Lemma 1. Let $\eta \colon X \to F$ be a map from $X$ to a fibrant object, initial among such maps. Then $\eta$ is a trivial cofibration. In particular, $F$ is a fibrant replacement of $X$.
Proof. $\require{AMScd}$ Factor $\eta$ as $\eta = pi$, where $i \colon X \to Z$ is a trivial cofibration and $p \colon Z \to F$ is a fibration. In particular, $Z$ is fibrant. By the universal property of $\eta$, there exists a (unique) map $\phi \colon F \to Z$ satisfying $i = \phi \eta$. The equality $p \phi \eta = p i = \eta$ then implies $p \phi = 1_F$, again by the universal property of $\eta$. The commutative diagram \begin{CD} X @= X @= X\\@V{\eta}VV @V{i}VV @V{\eta}VV\\ F @>{\phi}>> Z @>{p}>> F \end{CD} exhibits $\eta$ as a retract of $i$, hence a trivial cofibration. $\blacksquare$
Next, I will describe a model category in which the full subcategory of cofibrant objects is not coreflective.
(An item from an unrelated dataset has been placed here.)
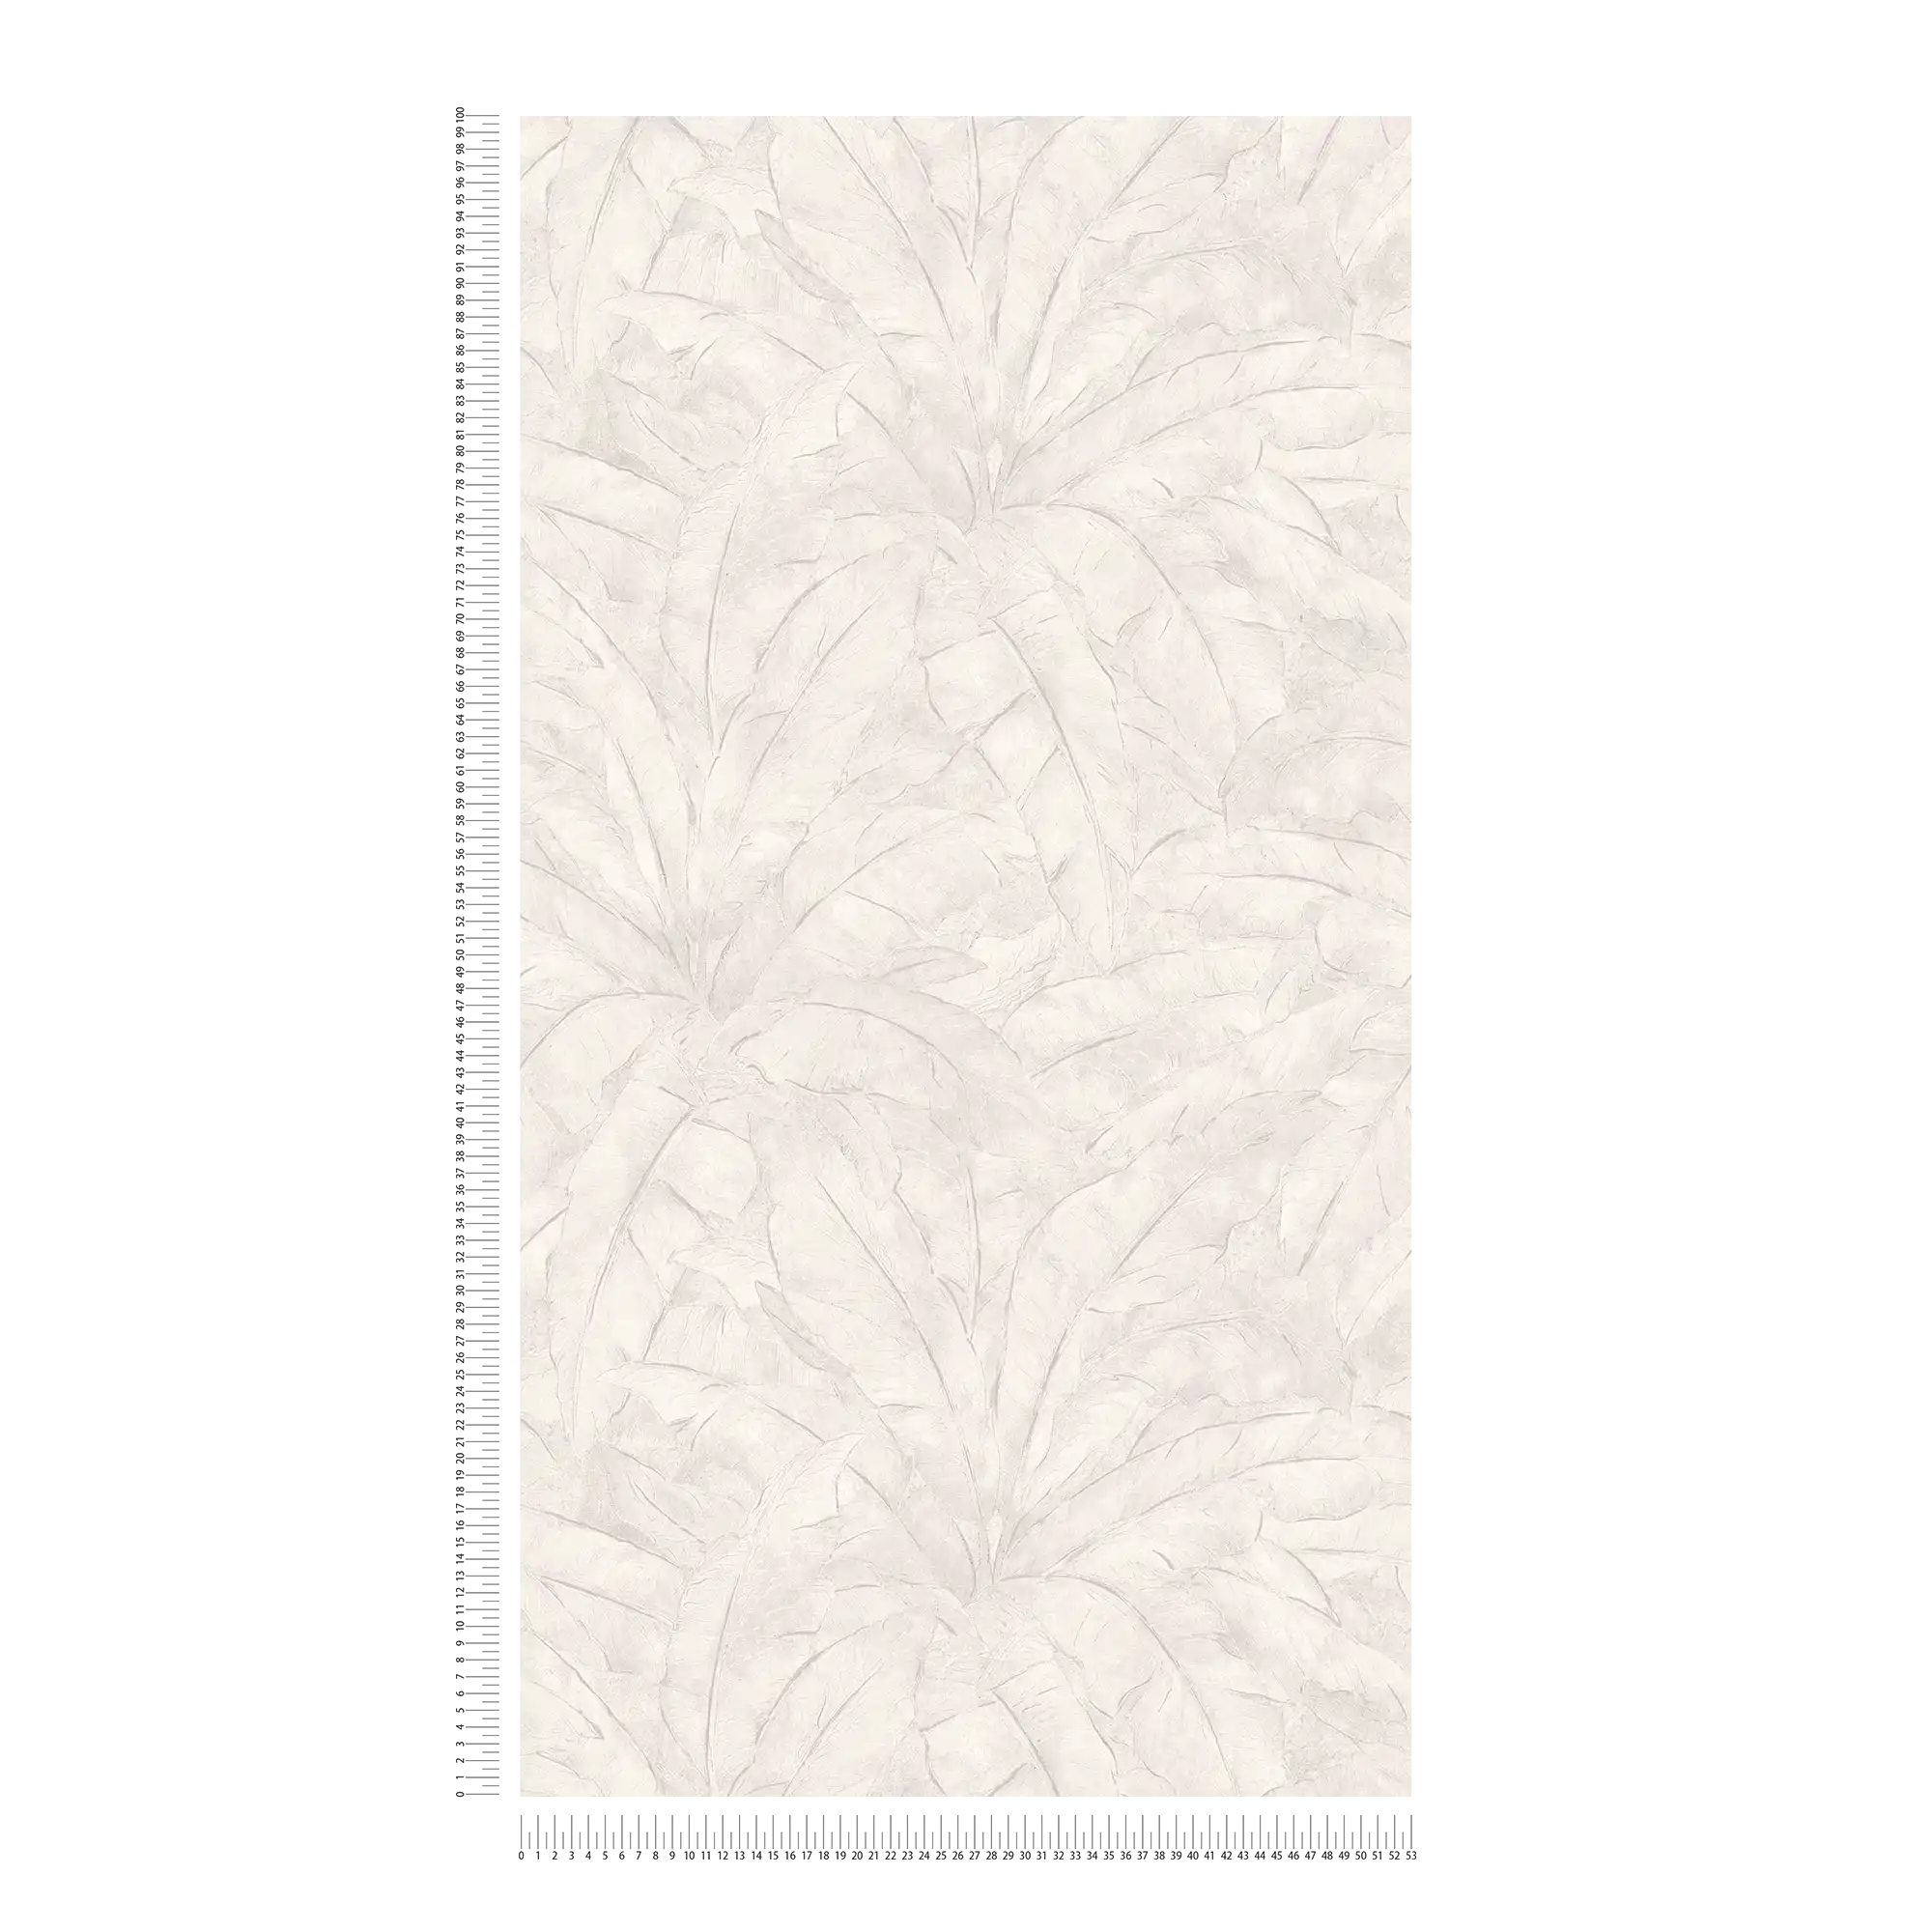             Dschungel Tapete mit Silber Akzent – Grau, Silber, Weiß

Taking the opposite model category, this provides a negative answer to the original question.
Let $R$ be a ring and consider $\mathrm{Ch}_{\geq 0}(R)$ the category of non-negatively graded chain complexes of (left) $R$-modules, equipped with the projective model structure. More precisely, the weak equivalences are quasi-isomorphisms, the fibrations are epimorphisms in positive degrees, and the cofibrations are degreewise monomorphisms with projective cokernel. In particular, a complex is cofibrant if and only if it is degreewise projective.
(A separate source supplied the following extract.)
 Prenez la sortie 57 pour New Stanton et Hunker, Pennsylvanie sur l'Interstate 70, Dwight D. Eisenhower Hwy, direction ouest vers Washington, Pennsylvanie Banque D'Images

Observation 2. Let $M$ be an $R$-module, viewed as a complex concentrated in degree $0$. Then a chain map $f \colon C \to M$ is zero if and only if it induces the zero map on homology.
Proposition 3. Let $\epsilon \colon P \to M$ be a map from a cofibrant object to $M$, terminal among such maps. Then the following holds.
- Let $Q$ be a cofibrant chain complex and $g \colon Q \to P$ a chain map satisfying $\epsilon g = 0 \colon Q \to M$. Then $g$ is the zero map.
- The chain complex $P$ has trivial differential. In particular, its homology $H_n P = P_n$ is projective for every $n \geq 0$.
- $M$ is projective.
Proof. (1) follows from the universal property of $\epsilon$ and the equality $\epsilon g = 0 = \epsilon 0$. For (2), consider the chain complex $P_n[n-1]$ concentrated in degree $n-1$. The differential $d_n \colon P_n \to P_{n-1}$ defines a chain map $d_n \colon P_n[n-1] \to P$ which is null-homotopic. By Observation 2, we have $\epsilon d_n = 0$, and thus $d_n=0$. Now (3) follows from the isomorphism $H_0 P \cong M$, using Lemma 1. $\blacksquare$
Corollary 4. The full subcategory of cofibrant objects in $\mathrm{Ch}_{\geq 0}(R)$ is coreflective if and only if every $R$-module is projective (in which case every object of $\mathrm{Ch}_{\geq 0}(R)$ is cofibrant).